Glenn Lowson/The Globe and Mail
Though the family sold the site and some adjacent properties it owned to First Capital Realty Inc. in September for $63.2-million (Canadian), they still consider it the business's home. The interior of the store is all new but the nostalgic family ensured that it's laid out exactly as it had been before the fire.
"It's certainly been a crazy time," said Mr. Luchetta, younger brother of vice-president Ida Pusateri, whose late husband, Cosimo, worked at his family's produce stand from the time he was a boy and led the transformation from neighbourhood shop specializing in Italian food and products into a purveyor of gourmet, artisanal and imported products.

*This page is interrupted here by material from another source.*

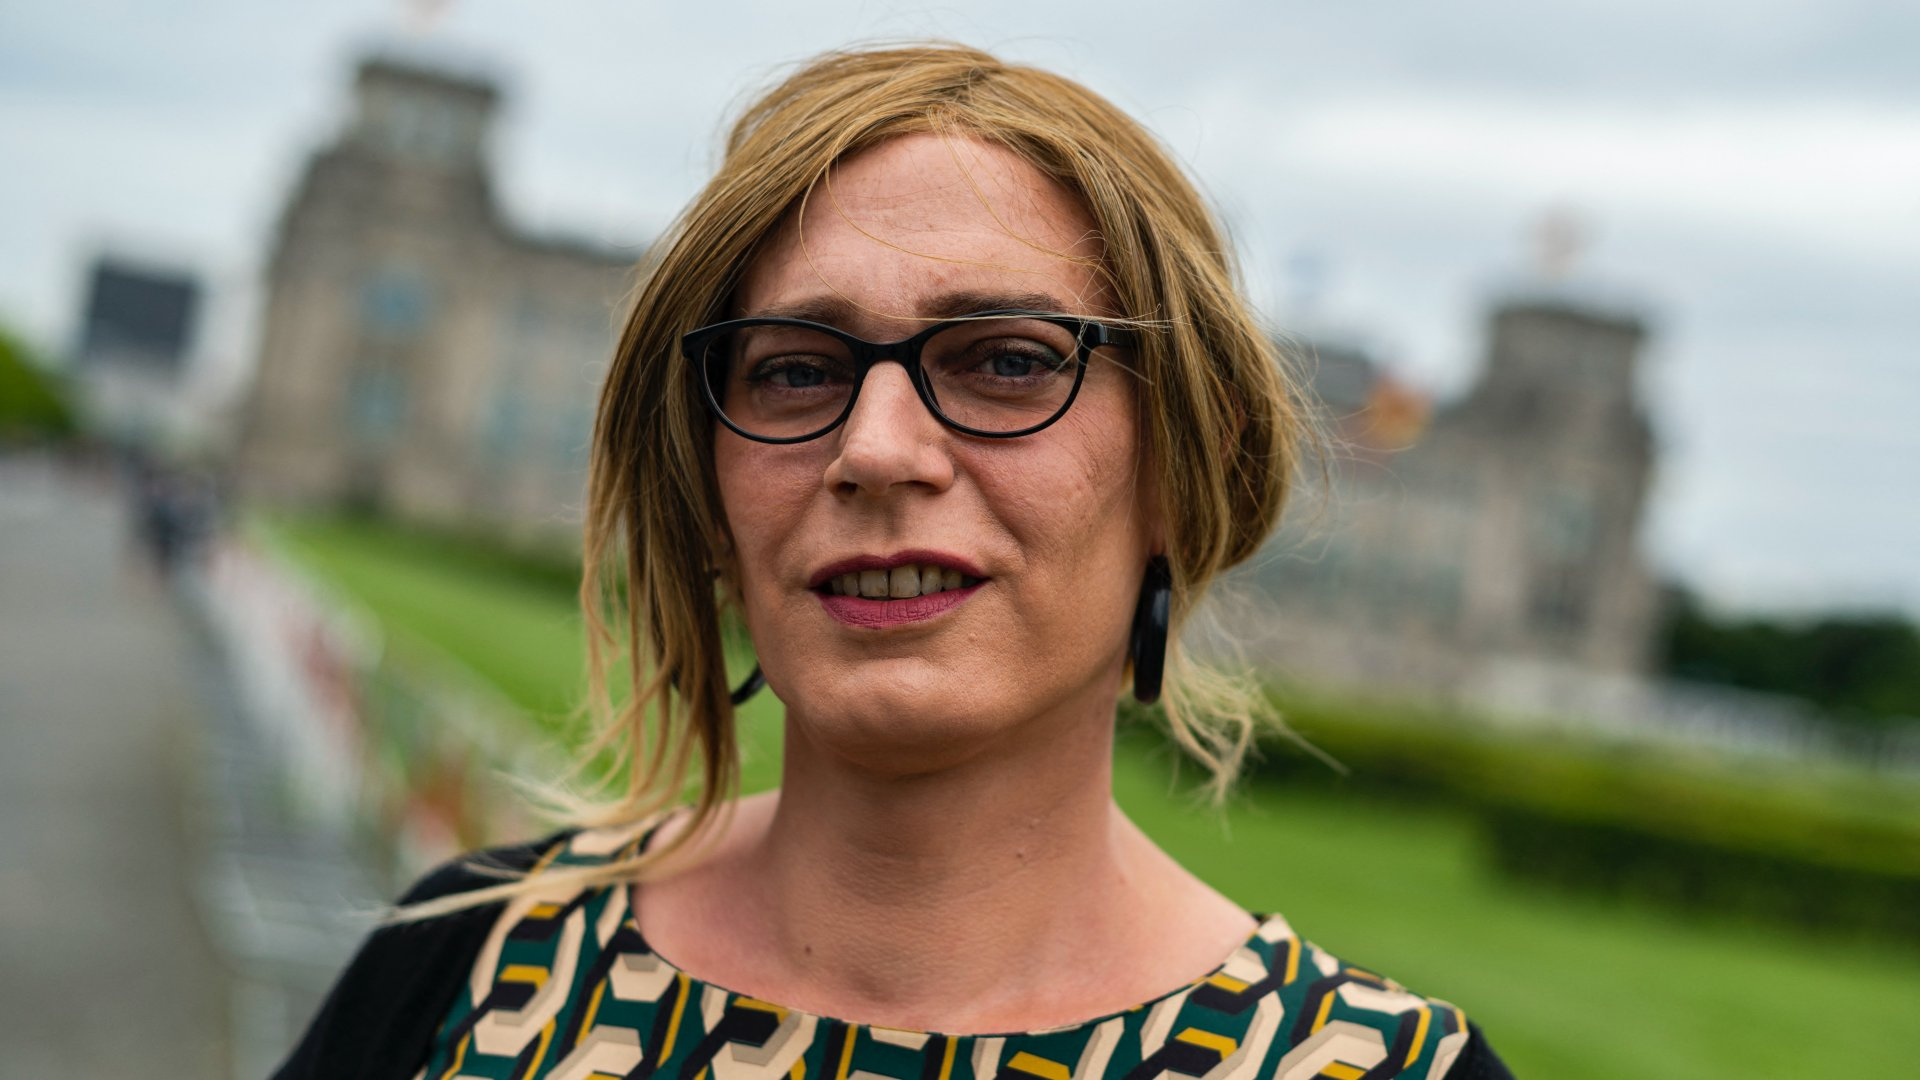 Tessa Ganserer transznemű politikus

Pusateri's has jumped into new markets wherever it has found them, including a catering business that has it serving meals for everything from a dinner for two to weddings for 1,000 and corporate events for 10,000 to a business trip on a private jet. The company even made weekly deliveries to Muskoka during the summer for gourmet cottage living.

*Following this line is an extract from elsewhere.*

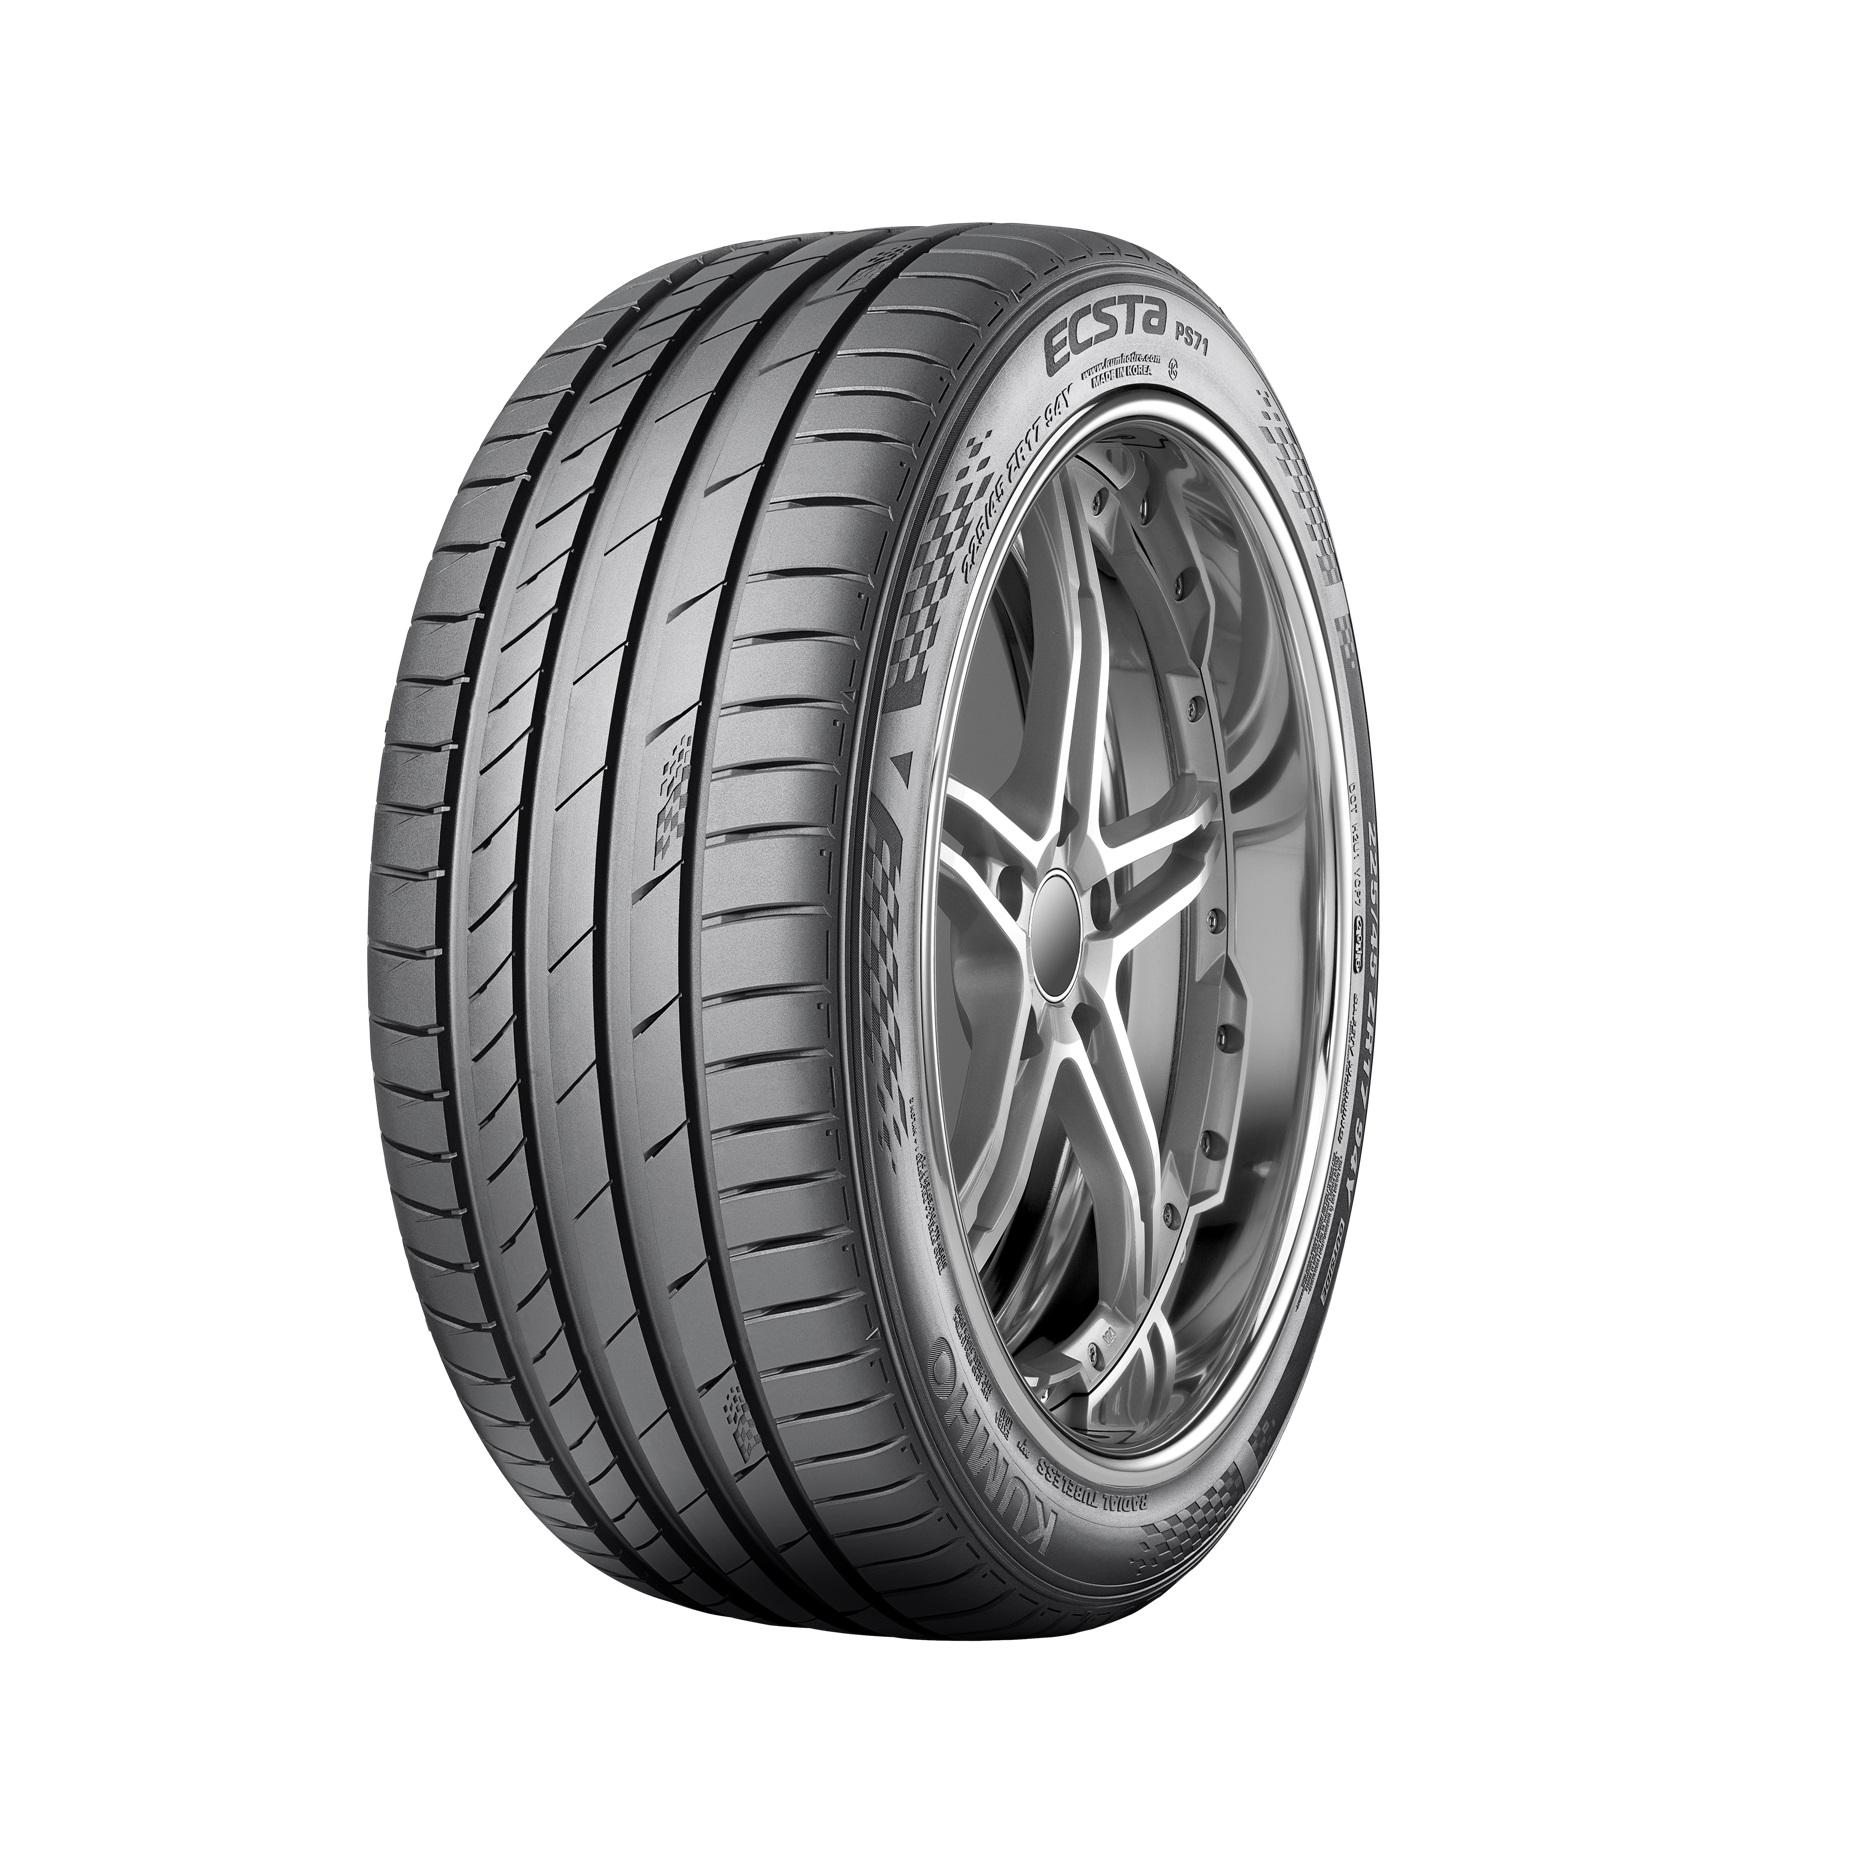 Kumho adds runflat, SUV options to UHP tyre range

The jet-set catering started the way so many things in retail do: a customer asked. Many of Pusateri's in-house recipes come out of dishes customers have tried abroad, corporate chef Tony Cammalleri said. And when a customer asked if Pusateri's could deliver food directly to his jet, the answer was yes.
"We're in the business of building long-term relationships with our customers, so if they ask us for something, we will do whatever we can to make it happen."
Pusateri’s corporate chef Tony Cammalleri’s selection of airplane food includes this beet and goat cheese tower with quinoa.
Glenn Lowson/The Globe and Mail
When charter carriers saw what Pusateri's could offer – everything from charcuterie boards to shucked oysters to flank steak – they got on board, too. Customers can call the day before and order from a catering catalogue or order something customized.
"With a gourmet store behind us, the sky is the limit for any menu item. It's really whatever your heart desires," Mr. Luchetta said.
All the food is prepared in the company's 20,000-square-foot commissary at Dufferin and Lawrence that opened in 2012 to feed all the stores and the catering operation.
At peak times, such as Christmas, Pusateri's is catering about 20 private jets a week and there is lots of room to see that grow at Pearson and other local airports, Mr. Cammalleri said.
And then the airline catering can easily be exported and adapted to American cities when that southern expansion happens, Mr. Luchetta said.
"We expect we might be catering on yachts in Florida one day."